4. Decision-Making Data Attack • Integer Overflow exploit on multiple SSH servers allows attacker to log on as root. • Client responds to root password request with packet formulated to trigger overflow in the detect_attack() function :) • Overflow corrupts value of the boolean flag: authenticated to non-zero value. Done.
Defensive Techniques that Don’t Work • StackSheild won’t work, no address change. • IDS System Call Tracing? Won’t work, unchanged. • Non-Executable-Memory protections? Irrelevant. No injected code. • Memory/Type Safety Enforcement Can prevent some NCD attacks but with very high overhead and migration costs, currently unsuitable for high-traffic network applications.
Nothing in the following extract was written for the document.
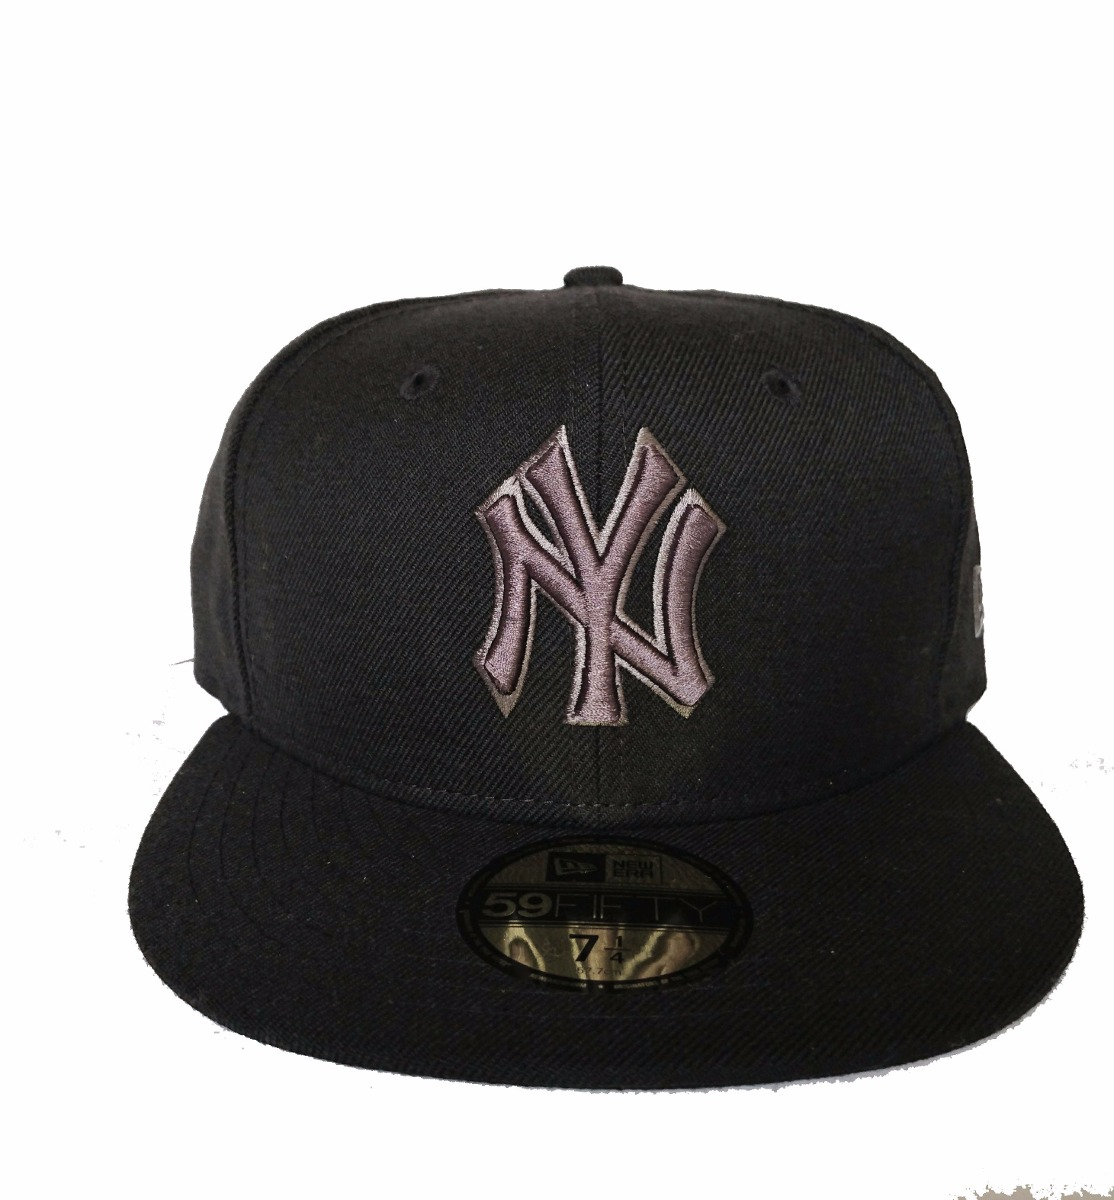 Gorra Yankees Oficial Mlb Negro Gris 7 1 4 -   900.00 en Mercado Libre 6171c6c347b

Defensive Techniques & Mitigations • StackGuard and FormatGuard are still effective against both attacks using those initial exploits. • Minimize lifetime of critical data structures or reinitialize w/safe values (e.g. authenticated). • Encrypt sensitive configuration data.
Other Potential Defenses/Research • PointGuard (pointer encryption compiler technique). Still needs work. • Address-Space randomization. • Helpful but will not stop determined attack. • Taintcheck - partially effective. • Brutal overhead cost (5-37x), false-positives • Extend IDS to include data-flow analysis (in addition to control-flow). • Heuristic analysis of function parameter signatures.
Conclusions • IDS based on just Control Flow integrity insufficient. • Current defensive techniques are not comprehensive, and only provide partial coverage of NCD exploits. • No generic memory protection available at a reasonable (runtime) cost. • Safer running closed-source apps??